Um estudo publicado em 2025 na revista Communications Earth & Environment analisou 20 anos de dados de doenças relacionadas a queimadas e a zoonoses/vetores em 1.733 municípios da bacia amazônica, abrangendo oito países. O resultado principal: a extensão e a integridade das Terras Indígenas (TIs) têm efeitos complexos, mas potencialmente protetores, sobre a incidência de 27 doenças, beneficiando a saúde de cerca de 33 milhões de pessoas que vivem no bioma.

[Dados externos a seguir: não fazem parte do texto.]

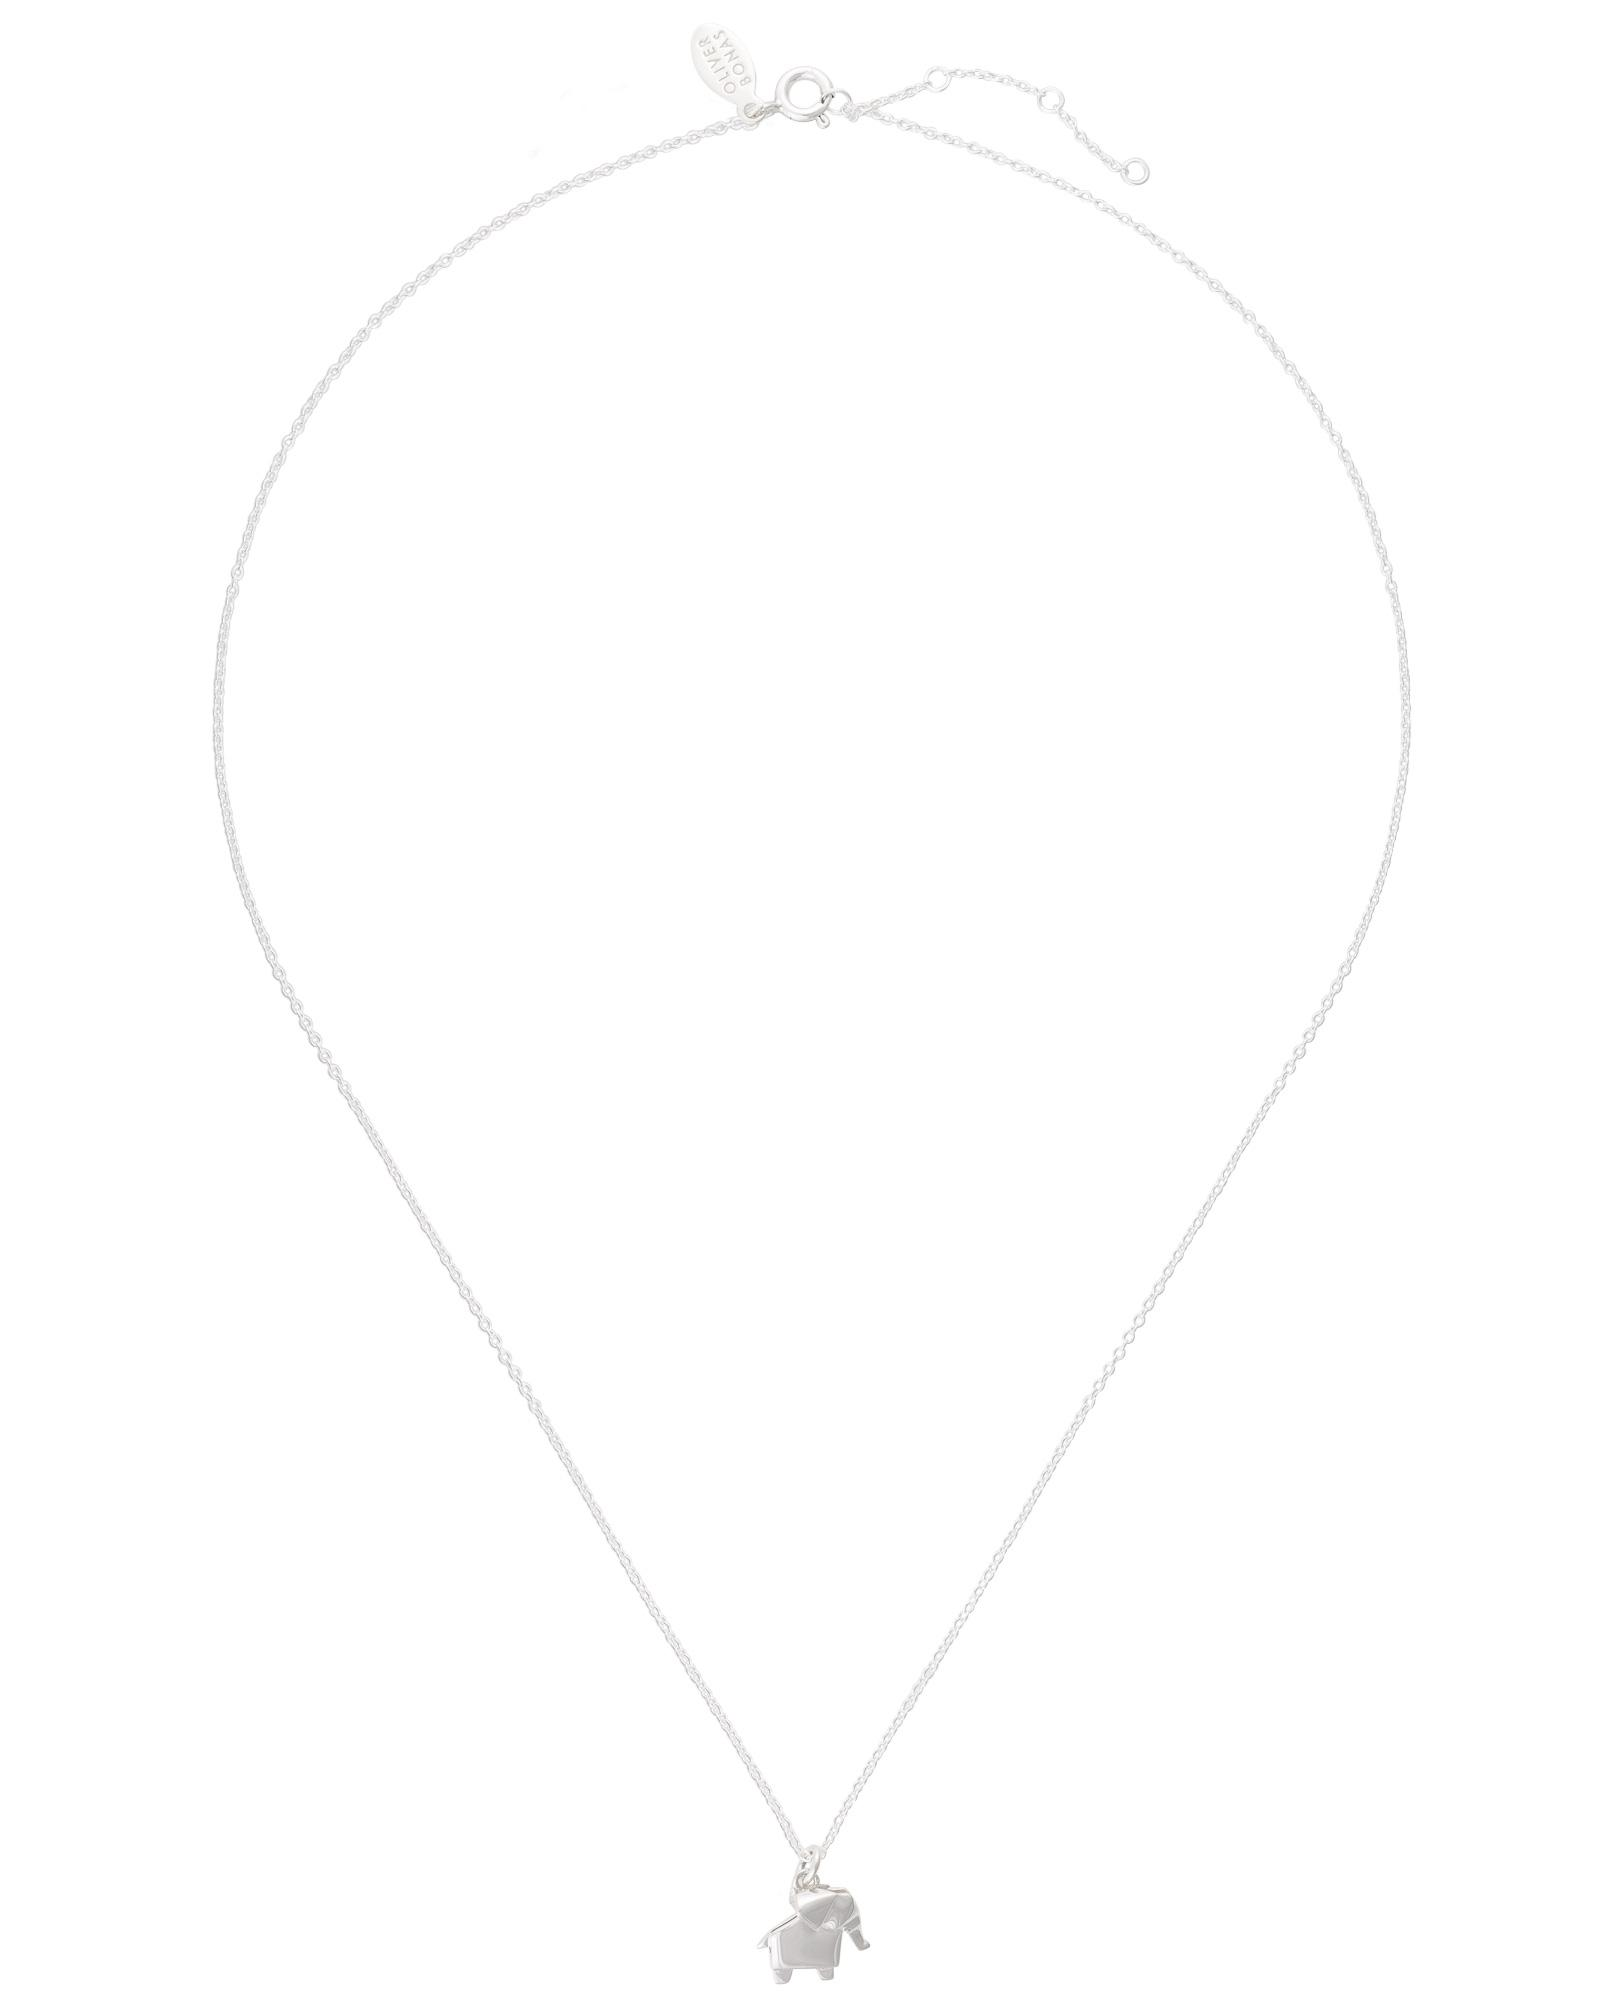 Oliver Bonas Silver Origami Elephant Necklace in Metallic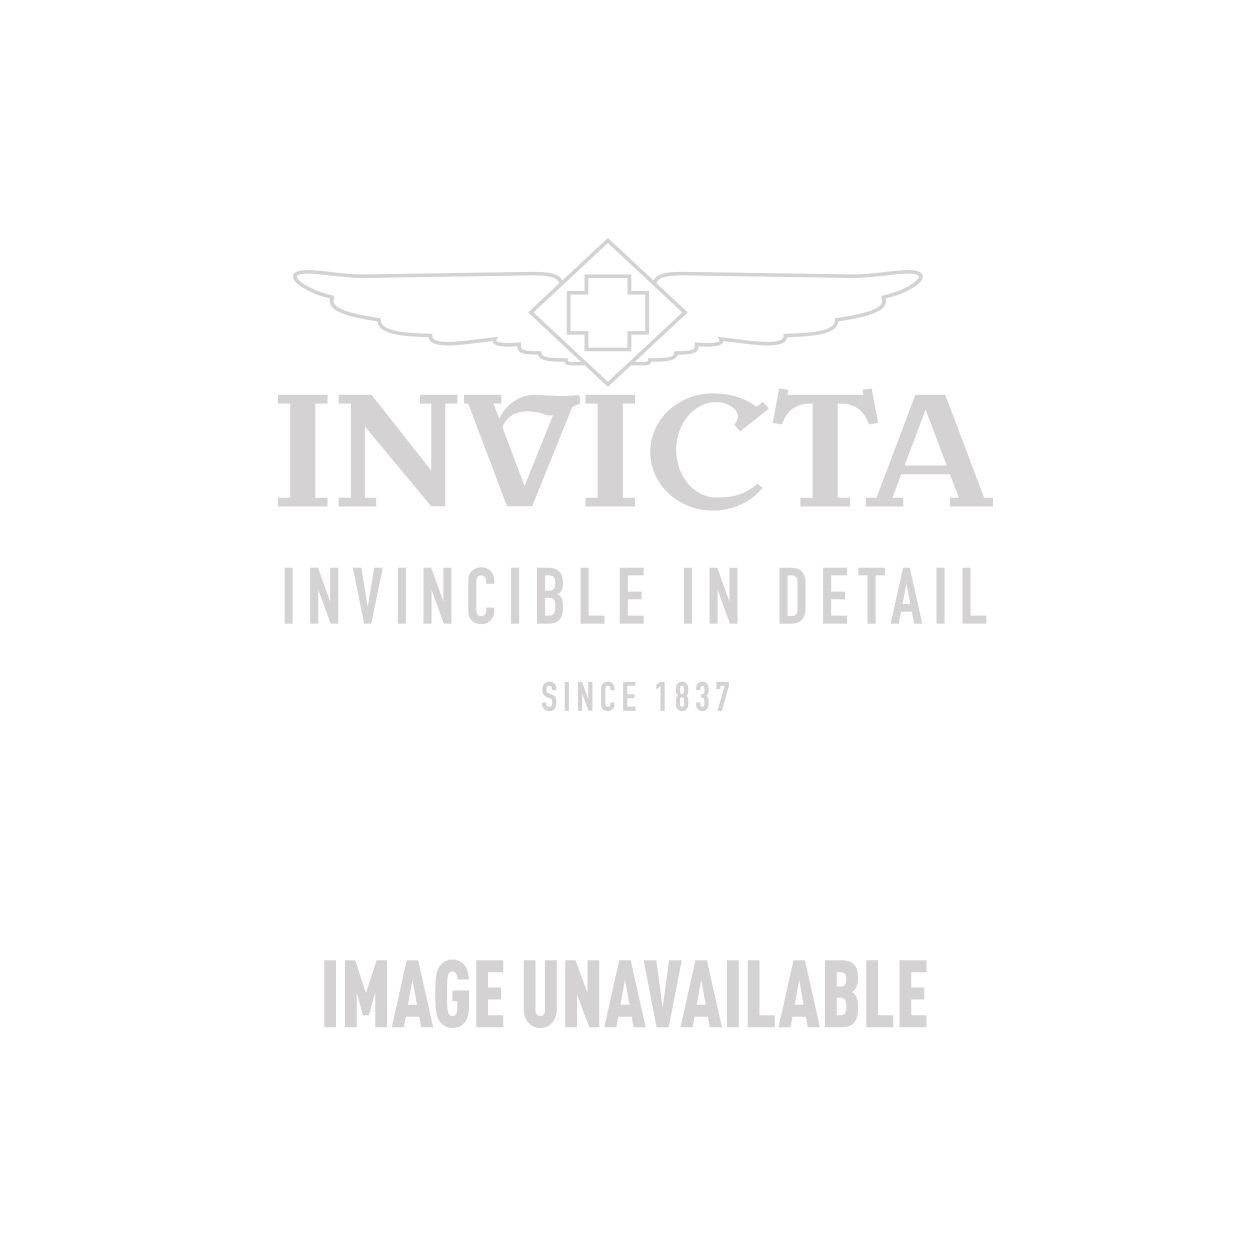 Invicta Russian Diver Quartz Watch - Gold case with Black tone Leather band - Model 14775

As TIs, quando bem preservadas e com alto percentual de cobertura florestal, ajudam a reduzir doenças ligadas à fumaça de queimadas (respiratórias e cardiovasculares) e, em certos contextos de paisagem, também influenciam a dinâmica de doenças transmitidas por animais e insetos.
O que o estudo mediu
Os pesquisadores cruzaram dados de incidência de doenças (fire-related e zoonotic/vector-borne) com a área de TIs, seu status legal de reconhecimento e parâmetros de paisagem (cobertura florestal, fragmentação, densidade de bordas). O bioma amazônico abriga cerca de 2,7 milhões de indígenas de aproximadamente 350 etnias, além de dezenas de milhões de habitantes não indígenas.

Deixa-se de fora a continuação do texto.